The `Model.evaluate` method checks the model's performace, usually on a `validation set` or `test set`.

In [15]:
model.evaluate(x_test, y_test, verbose=2)

313/313 - 1s - 5ms/step - accuracy: 0.9763 - loss: 0.0761


[0.07607124000787735, 0.9763000011444092]

The image classifier is now trained to ~98% accuracy to this dataset.

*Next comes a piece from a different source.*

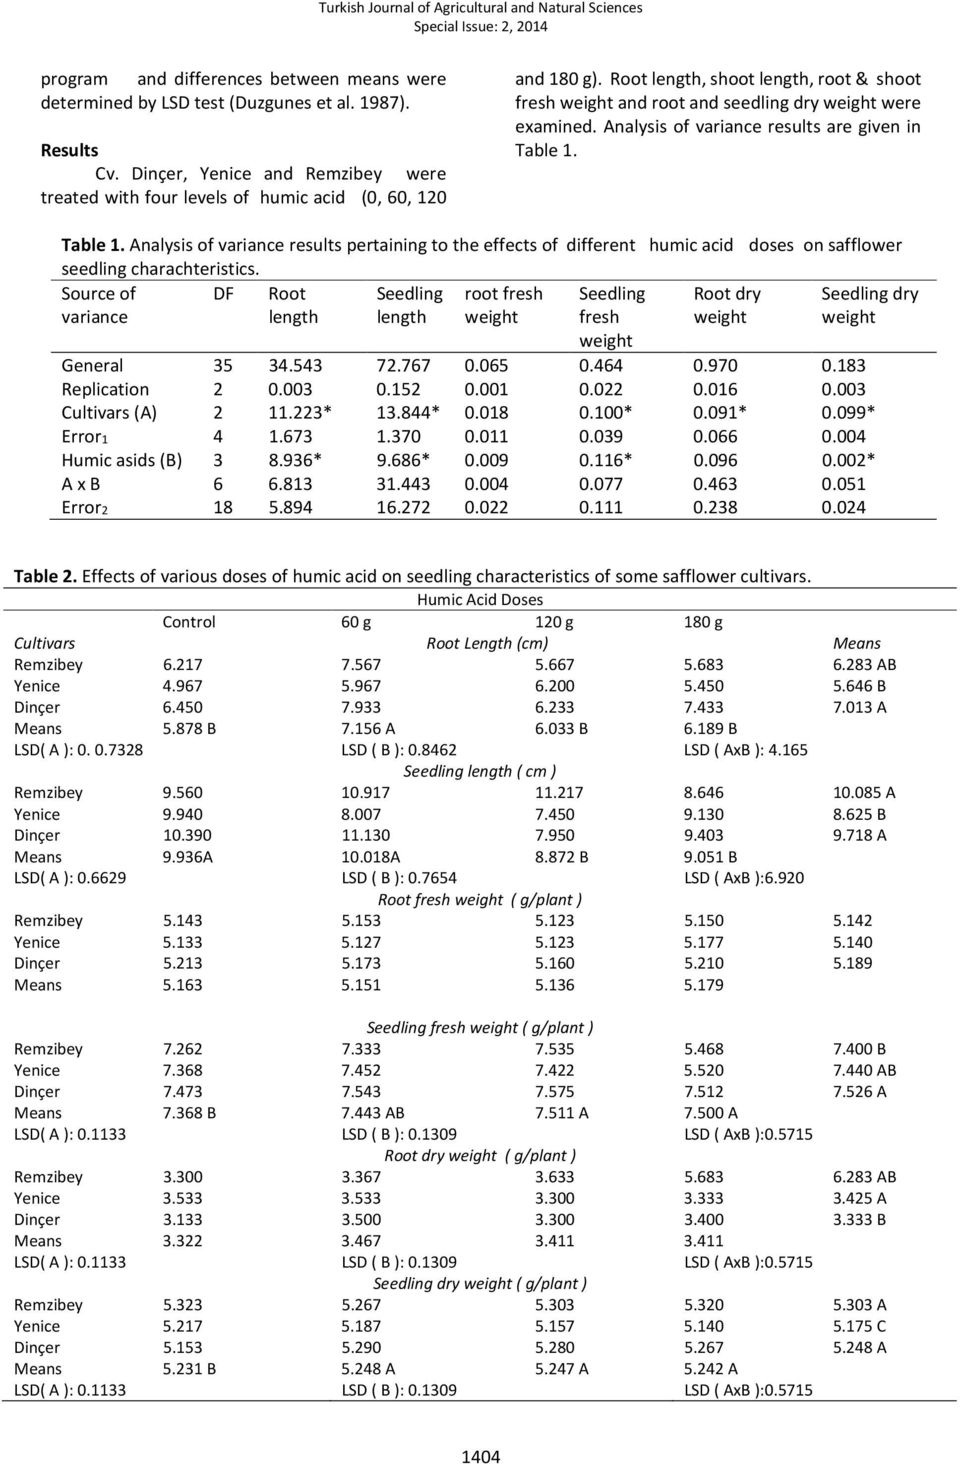 Table 1. Analysis of variance results pertaining to the effects of different humic acid doses on safflower seedling charachteristics.

If you want your model to return a probability, you can wrap the trained model, and atach the softmax to it:

In [16]:
probability_model = tf.keras.Sequential([ # used to stack the original model, with the softmax layers, and create a work progress pipeline
    model, # outputting raw logits of the prediction data
    tf.keras.layers.Softmax() # for converting logits to probabilities - all values between 0 and 1
])

In [17]:
probability_model(x_test[:5])

<tf.Tensor: shape=(5, 10), dtype=float32, numpy=
array([[1.95702705e-06, 1.04122485e-07, 2.57920528e-05, 4.18161129e-04,
        4.18612783e-11, 4.89322531e-07, 3.83468973e-13, 9.99530792e-01,
        1.36535630e-06, 2.14940337e-05],
       [1.66741502e-05, 1.48170147e-04, 9.99769151e-01, 1.56249753e-05,
        4.03221068e-17, 2.28980953e-05, 2.48716970e-05, 1.34645713e-13,
        2.65755421e-06, 3.98775061e-13],
       [1.97221766e-06, 9.98739660e-01, 1.52511959e-04, 3.75516424e-06,
        6.16409743e-05, 2.21513183e-05, 1.77154026e-04, 5.48244861e-04,
        2.92281009e-04, 7.41802523e-07],
       [9.99806464e-01, 4.02196143e-09, 1.64343310e-05, 3.79205067e-09,
        1.00194723e-06, 4.74255984e-07, 1.75137451e-04, 1.40318139e-08,
        3.21859073e-09, 5.92901984e-07],
       [2.35124462e-05, 6.74561761e-07, 1.25323970e-06, 1.17560596e-07,
        9.97681618e-01, 3.85828230e-07, 5.37731376e-06, 1.37466312e-04,
        1.04605874e-06, 2.14859657e-03]], dtype=float32)>

Here we see the probabilities for every list of values. See how tiny the values are, showing how the model is certain that they are not the right label to the image.

## Conclusion

Congrats! I have trained a machine learning model using a prebuilt dataset using the `Keras` API.